As for my own bilingual skills, it turns out it’s not only the Parisians who have no time for someone with broken French, as I discovered many years ago while buying a crepe off the side of the boulevard and delightedly putting my five-years French training to the test. Even my ten-year-old nephew rolled his eyes at my try-hardy attempts, which can only have got rustier over time.
The first day he came to my house, for some familiarity, I showed him the photo in Master Eight’s room of himself several years earlier with his dog.
“Voici, c’est tu avec ton chien,” I said pointing at the picture and this making sense in my head.
He looked before looking back at me questionably.
“Chien? Dog?” Had I got that word right? “Woof,” I attempted.
He flashed an ill-supressed grin, clearly deciding his aunty Jodi was a tad nutty, and quickly left the room.
Undeterred and determined to put my five year’s study to use, I steadfastly refused to give up. The next day we walked the loop walkway. The kids, who’d scootered ahead, know they have certain points along the way where they have to stop and wait for the adults.
“Continues tout droit, et arretes a la chat,” I instructed.
He shot me a baffled look but followed his cousins nonetheless, whom I’d already told to continue on ahead and stop at the seat.
“Was that the word for chair?” I asked my brother when he caught up. “I couldn’t remember the word for seat so I said ‘chat’ for ‘chair’.”

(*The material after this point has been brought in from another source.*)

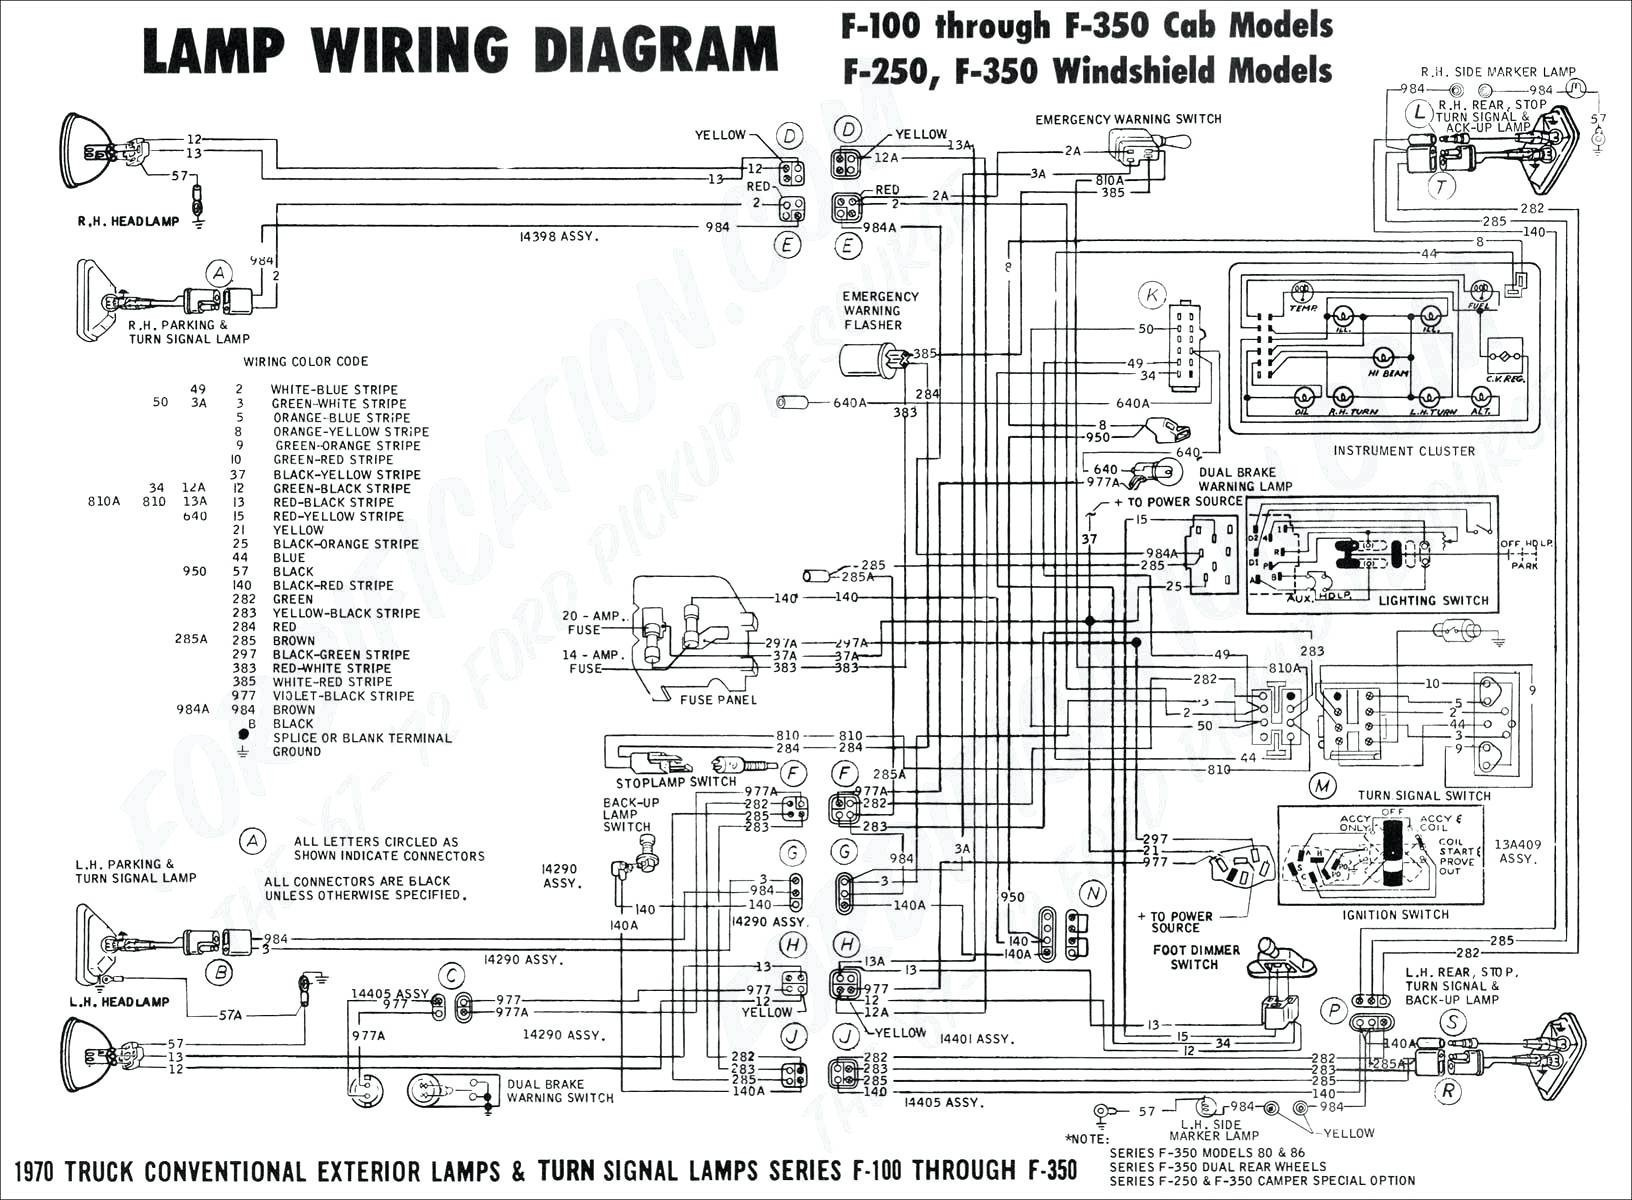 1998 Buick Century Engine Diagram 1998 Buick Fuse Box Wiring Diagram Week Of 1998 Buick Century Engine Diagram

“Um, you told him to stop at the cat.”
No wonder the poor boy looked confused.
Culturally, he eventually adjusted to wearing bare feet – something unheard of where he comes from, didn’t quite get the hang of hugging in greeting as opposed kissing cheeks, nor the concept of a mince and cheese pie, although the pastry was familiar, and was delighted to see his first kiwi.
Both the meal and bed times also came as a cultural shock. One weekend, during a sleep-over at my house, after struggling to eat an early dinner by French standards, I tried putting the two older boys to bed at 9pm.
“Dans le lit,” (in the bed) was all I could think of to say, when he was still hovering over his mattress on the floor of Master Eight’s room.
“Pourquoi?” he asked.
“A cause de il est neuf heures,” I replied, stating the time to be nine o’ clock.
The only word I understood from his response was ‘dix’ for ten so I took it he was telling me his bedtime was ten o’clock.
I looked at him disbelievingly and, once again, indicated towards the clock and his bed.
“I think I had a little argument with your son about his bedtime,” I said to my brother later.
“Yeah, he told me aunty Jodi doesn’t believe him that his bed time is 10 o’clock on weekends,” he grinned.
I’m not sure if he ended up thinking his aunty Jodi was mean or nutty or both but I must have made some sense for, by the end of his trip, he was seeking me out when his father wasn’t around to translate, much to my pleasure. And, when it came to saying goodbye at the end of his holiday, after kissing me on the cheek, my affable French nephew tolerated a hug.